» Assignment: Every line of the listing below should be written out exactly, minus its images.

» Raw data:
((

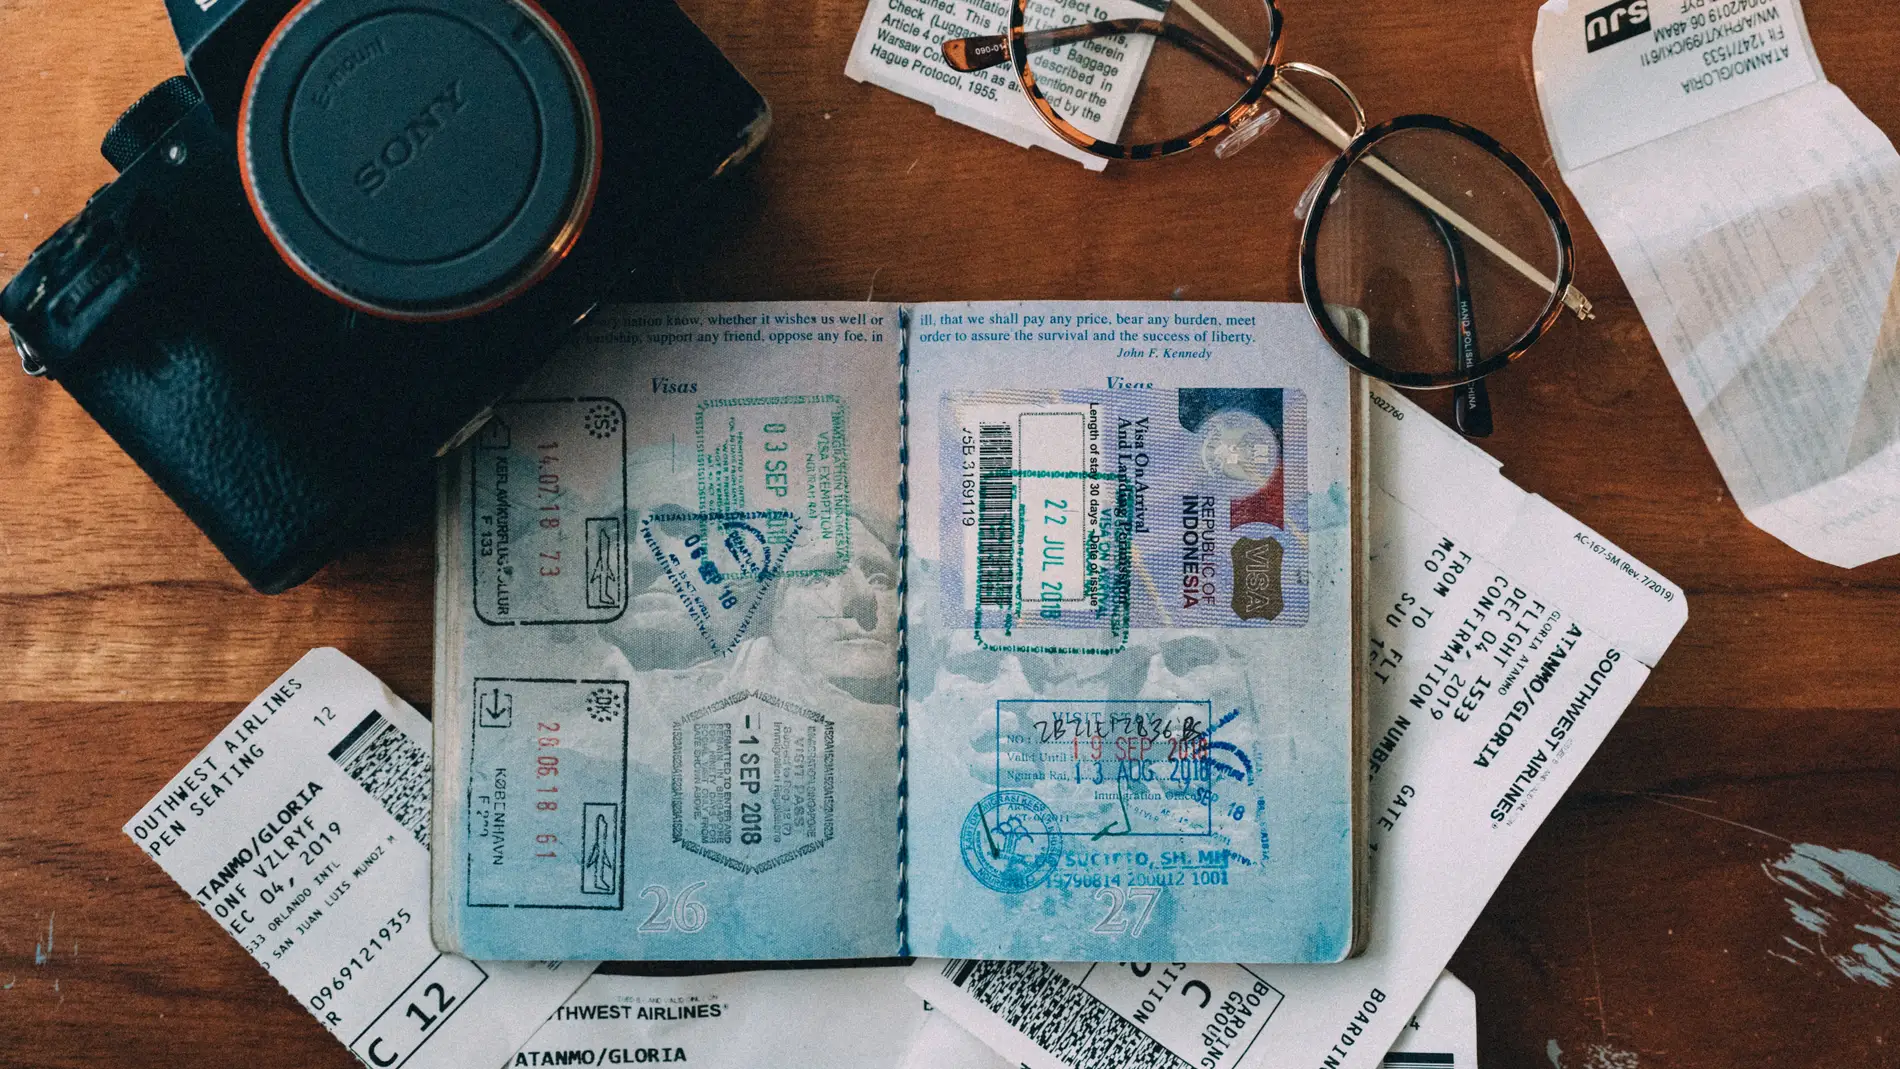 Foto de archivo de un pasaporte abierto y sellado/ Unsplash
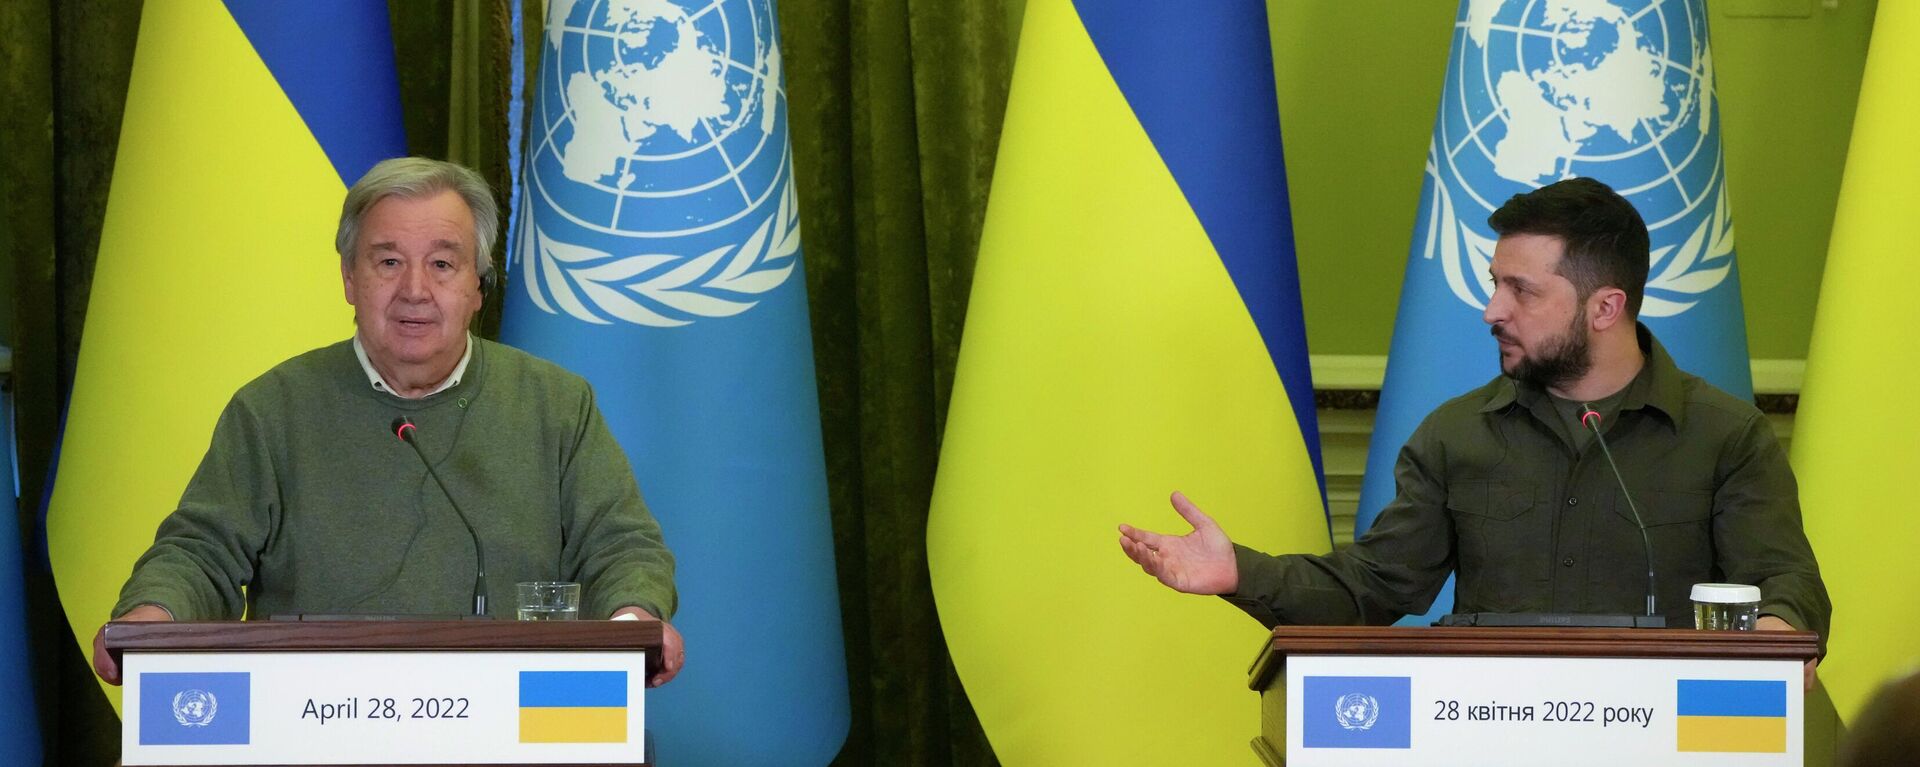 O secretário-geral da ONU, António Guterres (à esquerda), participa de encontro com o presidente ucraniano, Vladimir Zelensky, em Kiev, Ucrânia, 28 de abril de 2022. - Sputnik Brasil, 1920, 28.04.2022
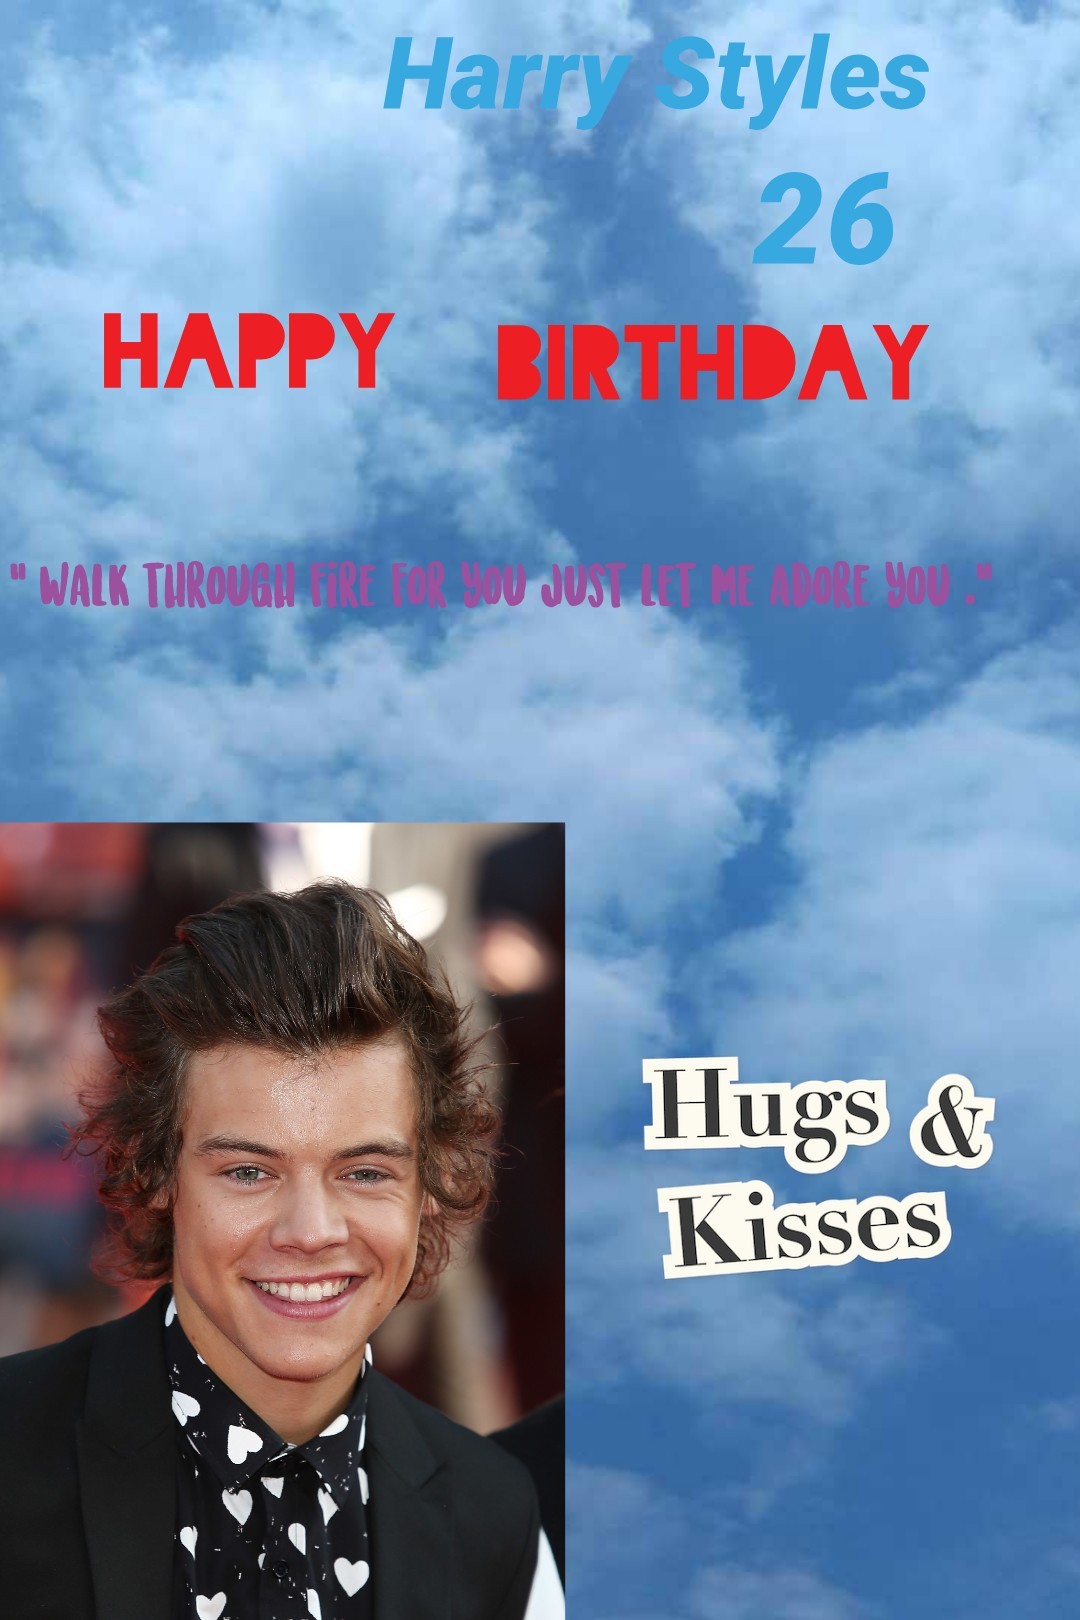 It is Harry's birthday ❤❤❤❤

))

» Answer to this task:
 Foto de archivo de un pasaporte abierto y sellado/ Unsplash
 O secretário-geral da ONU, António Guterres (à esquerda), participa de encontro com o presidente ucraniano, Vladimir Zelensky, em Kiev, Ucrânia, 28 de abril de 2022. - Sputnik Brasil, 1920, 28.04.2022
 It is Harry's birthday ❤❤❤❤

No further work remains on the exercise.